Background

The dyslipidemia epidemic is a public health concern affecting millions of individuals worldwide. Low high-density lipoprotein cholesterol (HDL-C) disease is an important type of dyslipidemia, as demonstrated by an epidemiological study showing that HDL-C levels are inversely associated with the development of cardiovascular disease [1].

HDL-C is thought to provide protection against cardiovascular disease by regulating cholesterol efflux from peripheral tissues [2], and low HDL-C disease has been recognized as a complex, multifactorial polygenic trait regulated by multiple genes and environmental factors [3].
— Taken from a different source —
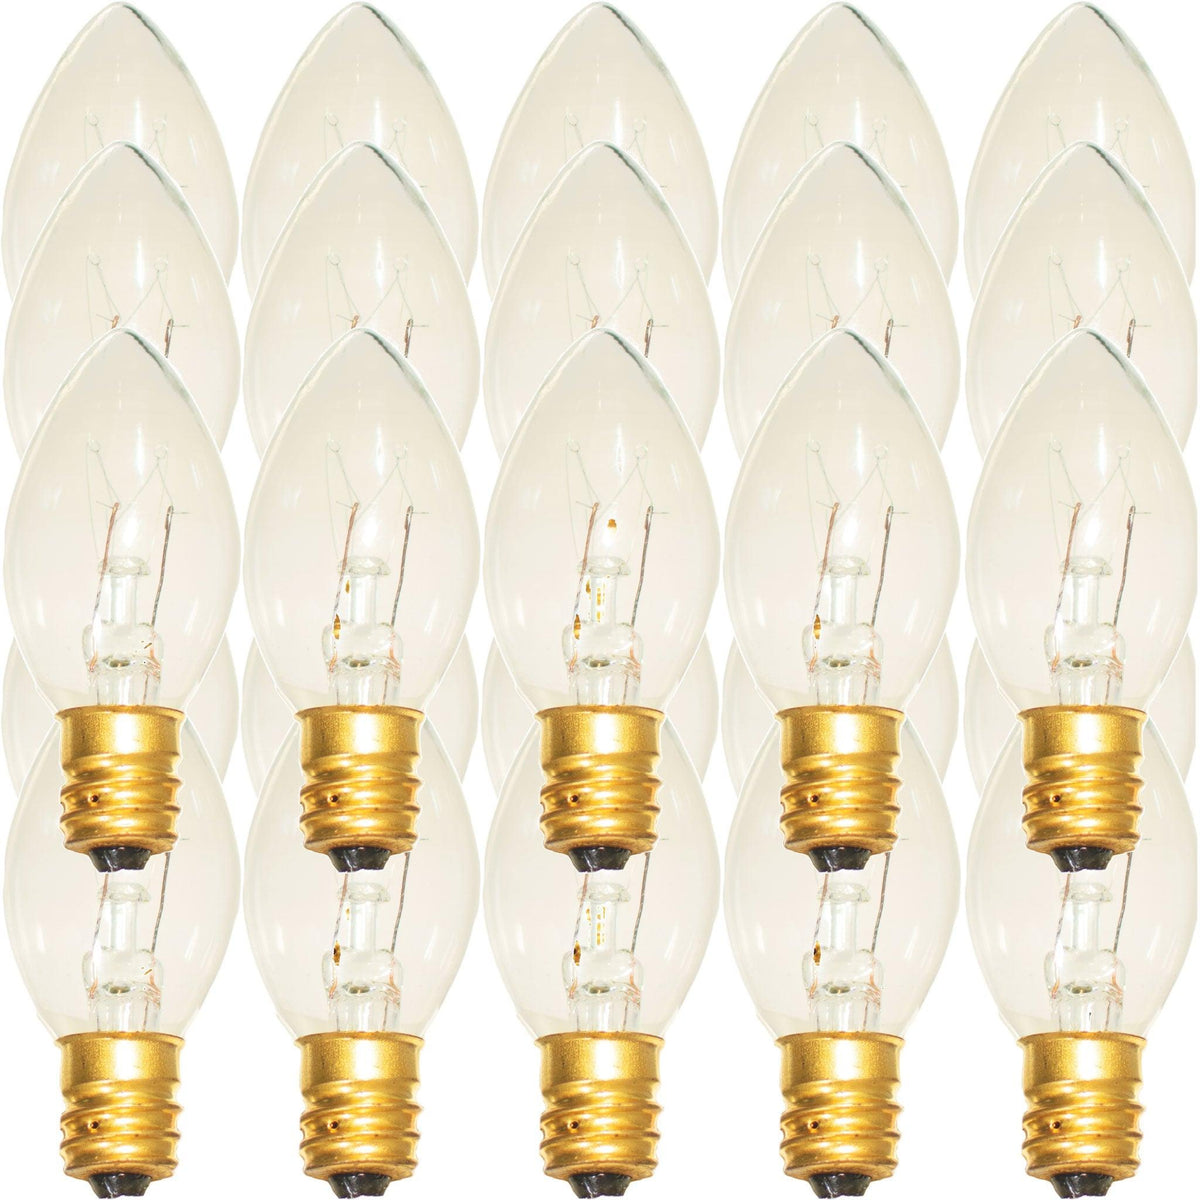 C-7 & C-9 Clear Christmas Light Bulbs. Replace your old bulbs with a set of brand new Candelabra Lights. On sale at leedisplay.com
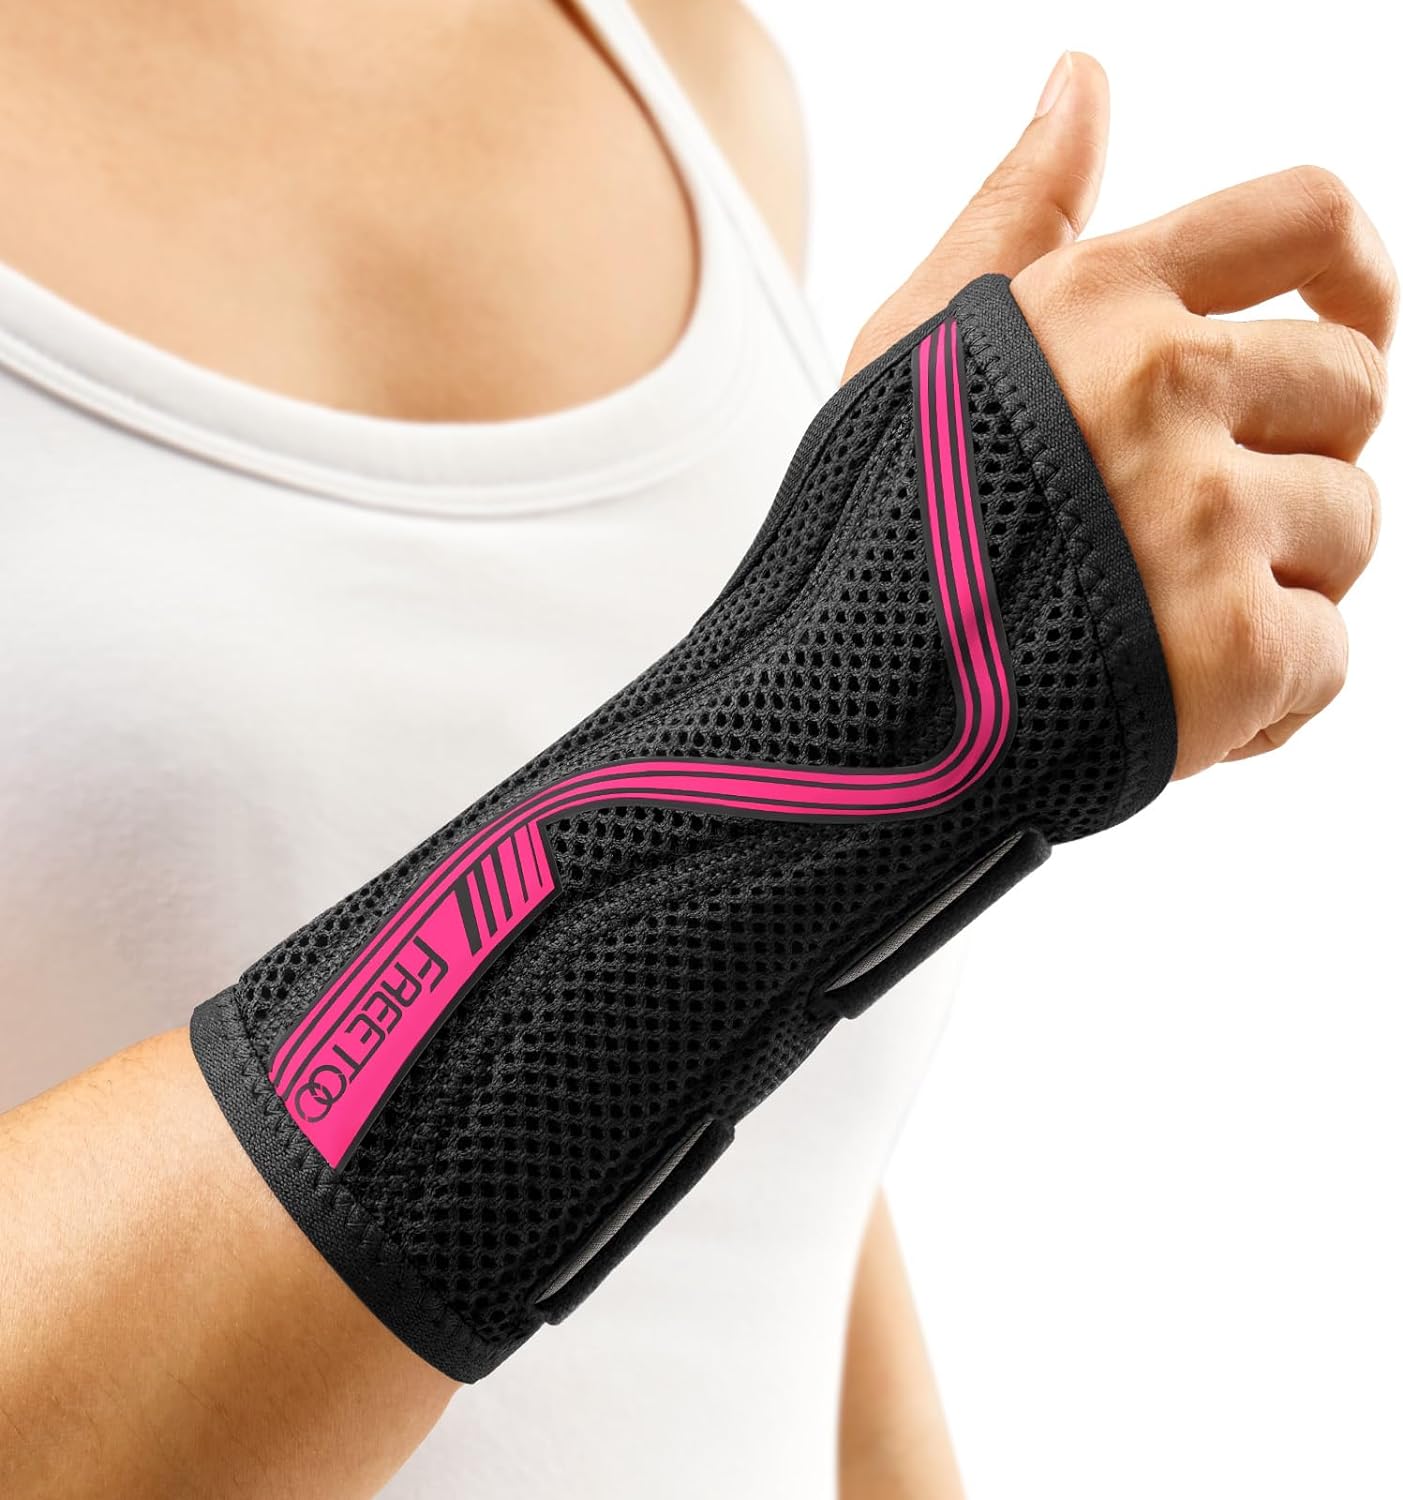 FREETOO Wrist Brace for Carpal Tunnel,[New Upgrade-Anatomically shaped] Adjustable Wrist Support Splint for Men and Women,Hand Brace for Pain Relief, Tendinitis,Arthritis,Right Hand,Medium(Wrist Size:17-21CM)

A previous study has shown that serum HDL-C levels have a strong genetic basis with up to 80% heritability, and detected variants explain only 10% of HDL-C variation [4]. Cholesterol ester transfer protein (CETP) [5, 6], ATP-binding cassette transporter A1 (ABCA1) [7], apolipoprotein A-1 (APOA-1) [8], and cholesterol acyltransferase (LCAT) [9] are associated with low HDL-C disease.

In a genome-wide association study, almost all screened single nucleotide polymorphisms (SNPs) were located in non-coding regions; however, the contribution of long non-coding RNAs (lncRNAs) to low HDL-C disease remains unexplored.

LncRNAs, transcripts longer than 200 nucleotides lacking coding potential [10], play crucial roles in various key biological processes and human diseases [11]. However, research on the role of lncRNAs in the development of dyslipidemia is still in its preliminary stage [12, 13].

In the present study, gene chip technology was applied to identify genome-wide differences in the lncRNA composition between the serum of healthy subjects and individuals with low HDL-C disease from a Kazakh population. Differentially expressed lncRNAs and mRNAs were examined and the relationships among these differentially expressed genes and their contributions to low HDL-C disease were analyzed.

Methods

Study population

A total of 20 subjects were recruited, including 10 subjects with low HDL-C disease and 10 healthy individuals. The inclusion criterion for subjects with low HDL-C disease was serum HDL-C level < 1.04 mmol/L [14].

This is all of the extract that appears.